Meditating with Mary Cassatt (1844-1926)
It’s not easy to be a woman at the end of the 19th century, among all the Parisian painters that Mary Cassatt frequents daily. At their time, only a handful of them managed to make a living from their art, especially when one means to connect with the incessant tumult of impressionist quests. It was also not easy to find one’s way when the canons of the time at the time prohibited a woman painter from representing a man outside her family, or when historical or cultural subjects were inaccessible to her, due to lack of commissions. But the American painter of French ancestry showed perseverance. Remaining single and childless, she nevertheless managed to impose her original view on the family relationship, particularly that of a mother and her child.

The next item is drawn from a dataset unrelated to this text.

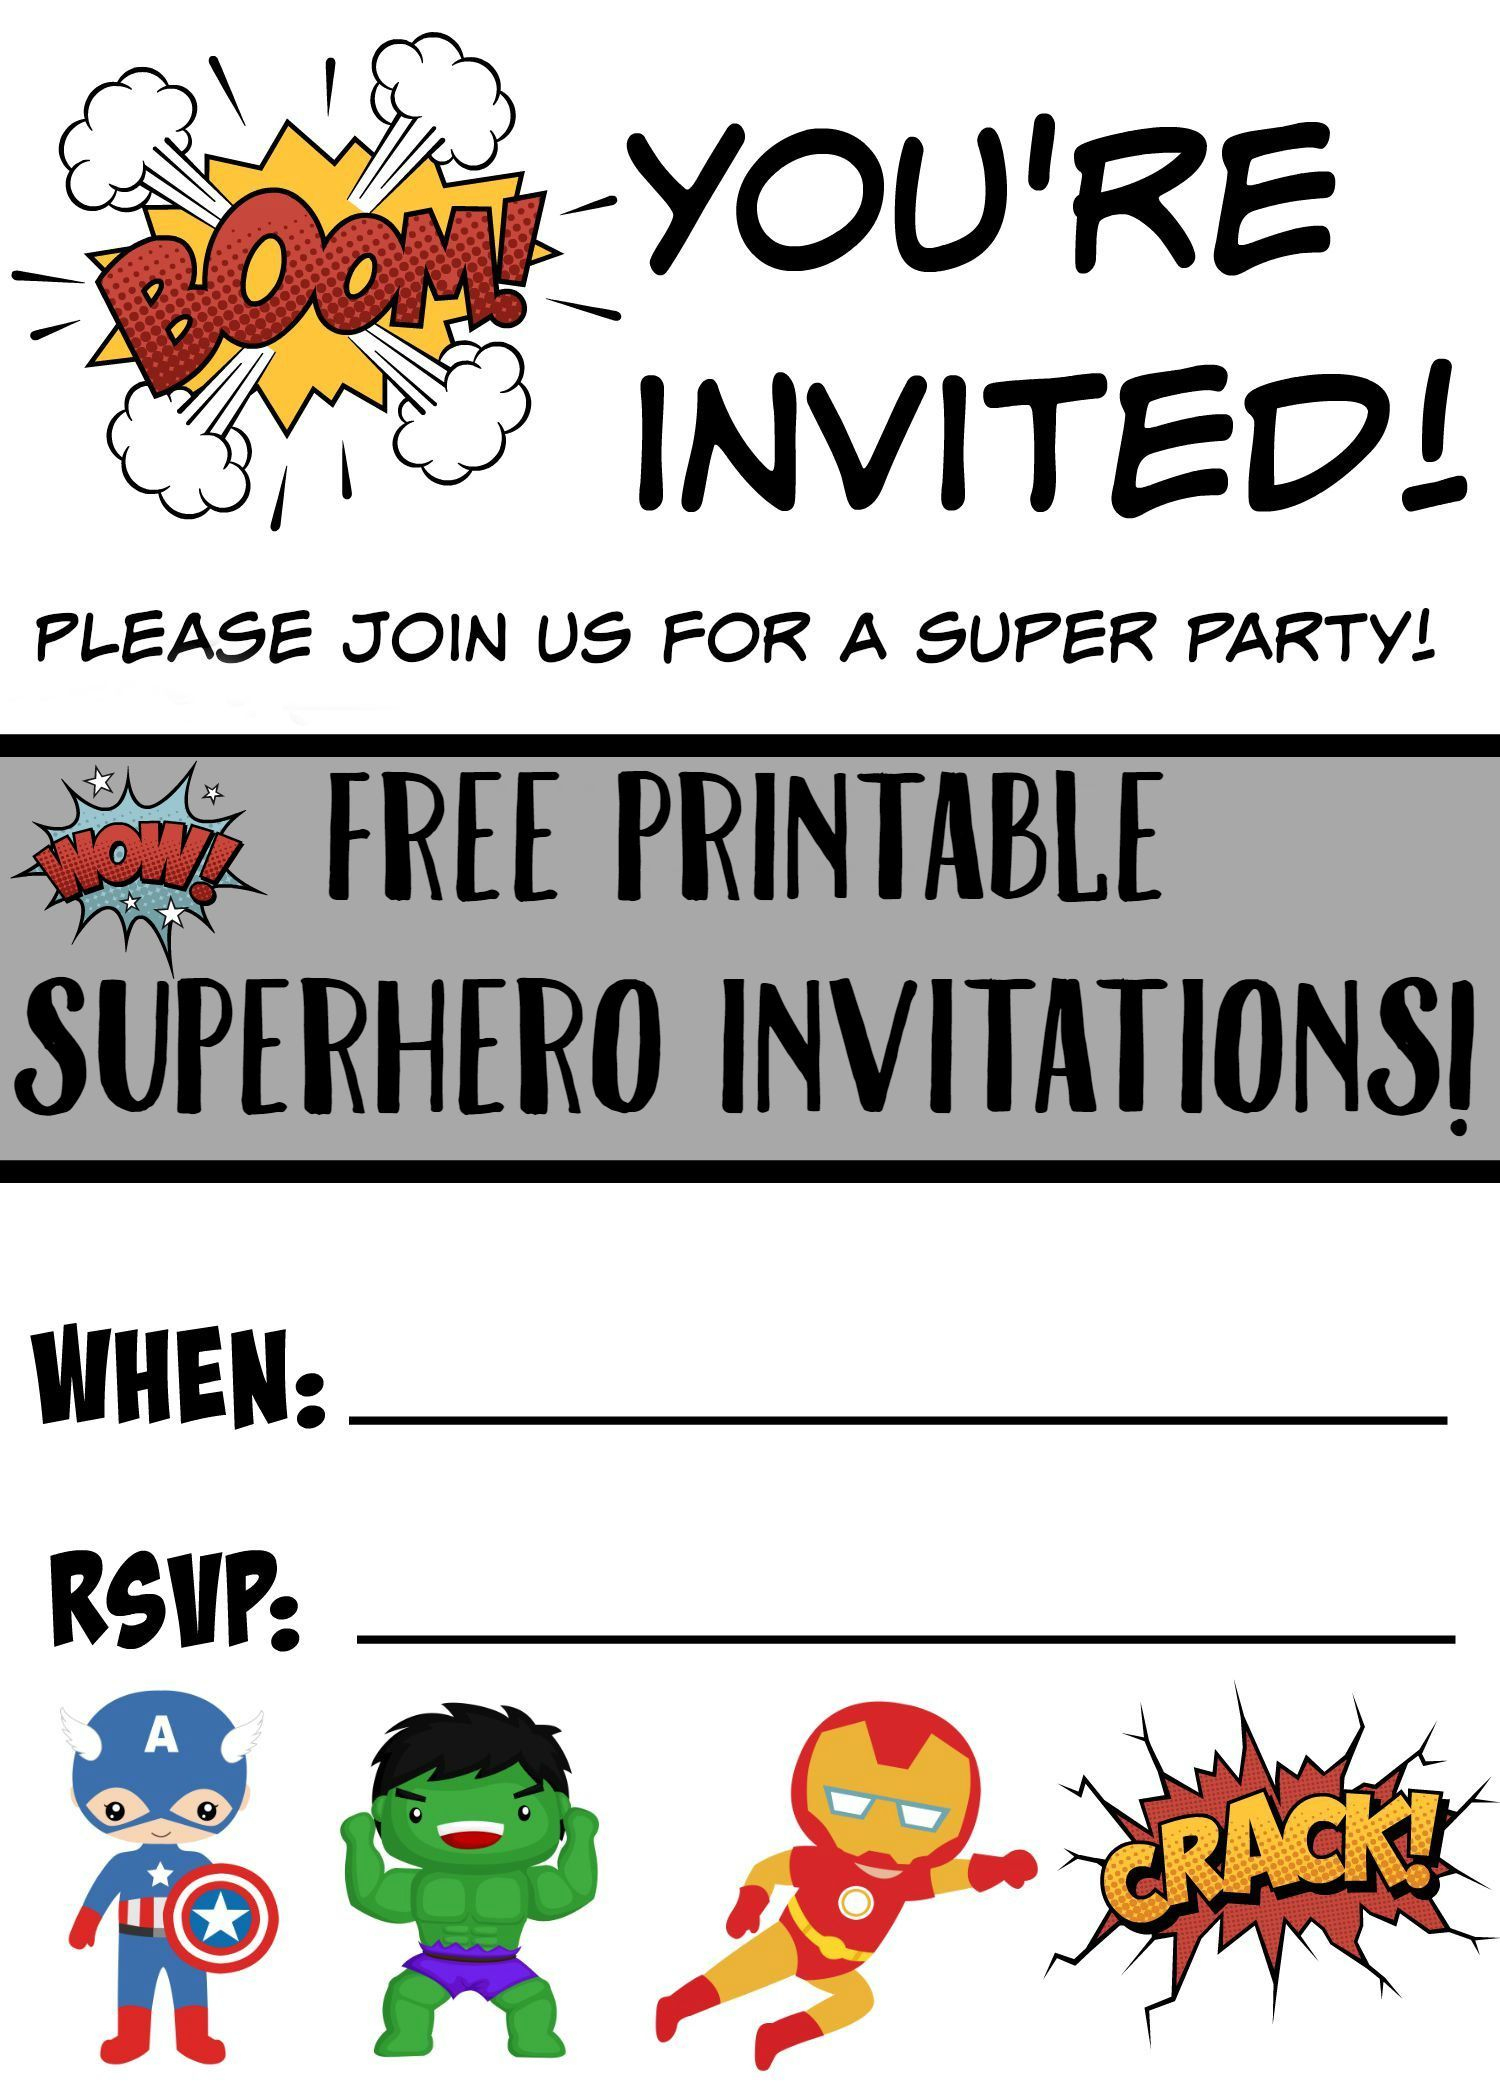 Free Printable Superhero Birthday Invitations | Superheroes Party - Avengers Printable Invitations Free

A subject that she will paint many times.
At the turn of fifty, Cassatt reached the peak of his art, varying techniques and styles. Her world ranges from the refined Japanese art of prints to the carnal generosity of Rubens whom she admires. In this intimate scene, the flesh is well present in a delicate interlacing of arms, faces and legs against a white and gray background of sheets, pillows, cups and furniture. The pink cheeks of the mother and her daughter bring them together and soothe the worry that seems to arise from the adult’s gaze on her child. Because motherhood is indeed a strange thing, this permanent concern for others, for the little one. Mary Cassatt knows this well too, having lost a younger brother when she was only 11 years old. This gives rise to such a unique feminine sensitivity. “I cannot admit that a woman draws so well,” her friend Edgar Degas gushed, admiringly.